Key Components and Interactions
1. Xikolo Application: This represents the core application logic, encompassing both web and microservice components. It is the source of all performance data, errors, and custom metrics. Exceptions within the application are caught by the ErrorsController, while custom metrics are emitted via the Xikolo.metrics interface.
2. Sentry Client (with filters): The Sentry client is embedded within the application, configured to capture exceptions and performance transaction data. It integrates ActiveSupport::ParameterFilter to sanitize sensitive parameters before events are sent. Crucially, the AnnotateSentryErrorsForMnemosyne middleware also ensures that Mnemosyne trace IDs are attached to Sentry events, enabling direct correlation.
3. Mnemosyne Client (Tracing): This client is responsible for collecting distributed trace data, providing end-to-end visibility of requests across services. It captures granular details of operations and, when errors occur, can attach them. Mnemosyne is configured to send its collected trace data asynchronously to a centralized message broker.
4. Telegraf Metrics Agent: Implemented via Xikolo::Common::Metrics, this agent facilitates the collection of custom application metrics. Application code interacts with Xikolo.metrics to increment counters or set gauges, which are then packaged and sent as UDP packets to a local Telegraf agent.
5. Sentry Service (External): This is the external platform that receives, processes, and stores the filtered error events and performance transaction data sent by the Sentry clients. It provides dashboards, alerting, and analysis tools for operational teams.
6. RabbitMQ Message Broker: Serving as the AMQP sink for Mnemosyne, RabbitMQ receives and queues all distributed trace data from various Mnemosyne instances. This centralizes trace data collection, allowing for subsequent processing, storage, and analysis by a trace data analytics system.
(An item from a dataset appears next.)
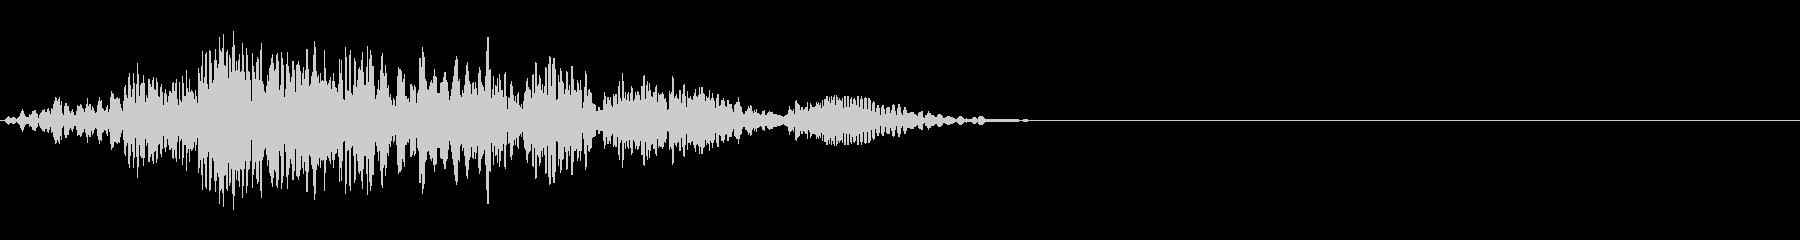 進化する液体機械、形状の金属溶解の変化の未再生の波形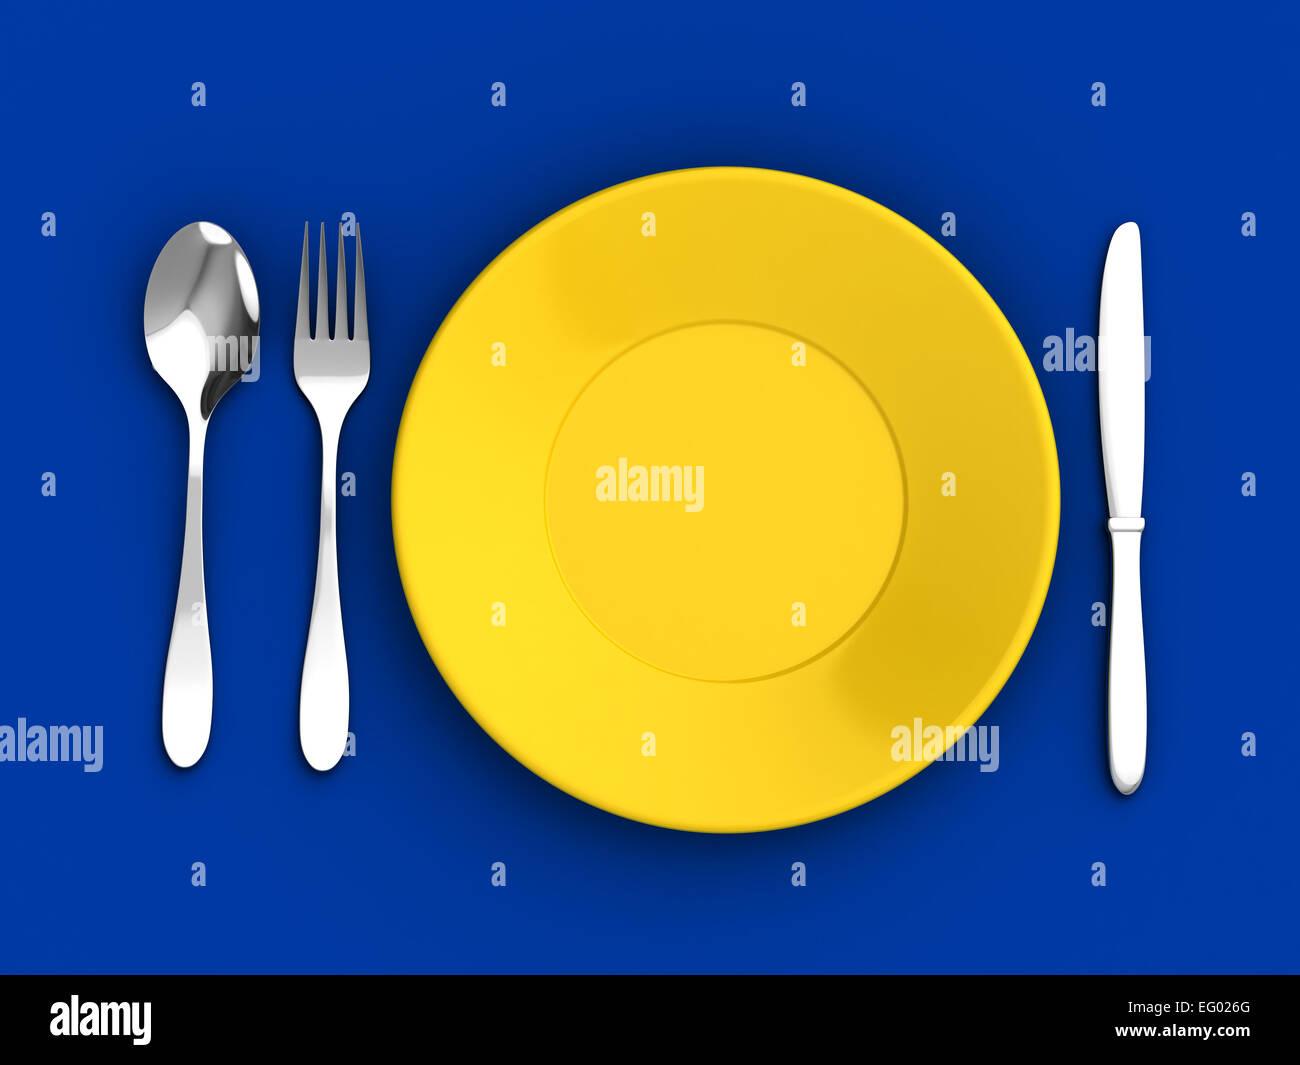 3D Render de Cuchillo, Cuchara, tenedor y placa amarilla sobre fondo azul. Imagen De Stock

The XIKOLO_RABBITMQ_URL environment variable configures its connection.
Architecture Diagrams
Main Architecture
graph TD application["Xikolo Application"] sentryClient["Sentry Client (with filters)"] mnemosyneClient["Mnemosyne Client (Tracing)"] telegrafAgent["Telegraf Metrics Agent"] sentryService["Sentry Service (External)"] rabbitMQ["RabbitMQ Message Broker"] application -->|"Emits Errors/Perf Data"| sentryClient application -->|"Generates Trace Data"| mnemosyneClient application -->|"Emits Custom Metrics"| telegrafAgent mnemosyneClient -->|"Provides Trace ID"| sentryClient sentryClient -->|"Sends Filtered Events"| sentryService mnemosyneClient -->|"Sends Trace Data (AMQP)"| rabbitMQ
π Component Interactions
Key interactions between components in this cluster:
- Sentry: Receives captured exceptions from
ErrorsControllerand other parts of the application. [Source: RAG: docs/app/development/monitoring/index.md] - Sentry: Receives performance transaction data from the application. [Source: config/initializers/sentry.rb]
- Mnemosyne: Receives attached errors from
ErrorsControllervia::Mnemosyne.attach_error. [Source: app/controllers/errors_controller.rb] - Mnemosyne: Provides a trace ID (
current_trace&.uuid) that can be correlated with Sentry events. [Source: app/controllers/errors_controller.rb, config/initializers/sentry.rb] - Telegraf::Agent (via Xikolo::Common::Metrics): Receives metric data from application code (e.g.,
Xikolo.metrics.increment('event_name')). - Telegraf::Agent (via Xikolo::Common::Metrics): Sends metric data as UDP packets to
localhost:8094, where a Telegraf agent is expected to be listening. - AnnotateSentryErrorsForMnemosyne: Interacts with
Mnemosyne::Instrumenterto retrieve the current trace ID. - AnnotateSentryErrorsForMnemosyne: Sets context on
Sentry.get_current_scopeto include the Mnemosyne trace ID. - ErrorsController: Receives exceptions from the Rails application (
action_dispatch.exception). [Source: app/controllers/errors_controller.rb] - ErrorsController: Logs exceptions to Mnemosyne using
::Mnemosyne.attach_error. [Source: app/controllers/errors_controller.rb] - ActiveSupport::ParameterFilter: Configured in Sentryβs
before_sendcallback to sanitize event data. [Source: config/initializers/sentry.rb] - ActiveSupport::ParameterFilter: Filters parameters based on
Rails.application.config.filter_parameters. [Source: config/initializers/sentry.rb] - RabbitMQ: Receives trace data from Mnemosyne instances across all applications and microservices. [Source: config/mnemosyne.yml, RAG: services/account/config/mnemosyne.yml]
- RabbitMQ: Configured via
XIKOLO_RABBITMQ_URLenvironment variable. [Source: config/mnemosyne.yml] - Sentry Configuration (Web): Reports exceptions to the Sentry service.
- Sentry Configuration (Web): Filters sensitive parameters using
ActiveSupport::ParameterFilter. - Sentry Configuration (Microservice): Reports exceptions to the Sentry service.
- Sentry Configuration (Microservice): Filters sensitive parameters using
ActiveSupport::ParameterFilter. - Mnemosyne Configuration: Connects to RabbitMQ via
XIKOLO_RABBITMQ_URLto send trace data. - Mnemosyne Configuration: Identifies the originating application (e.g., βwebβ, βaccountβ) for traces.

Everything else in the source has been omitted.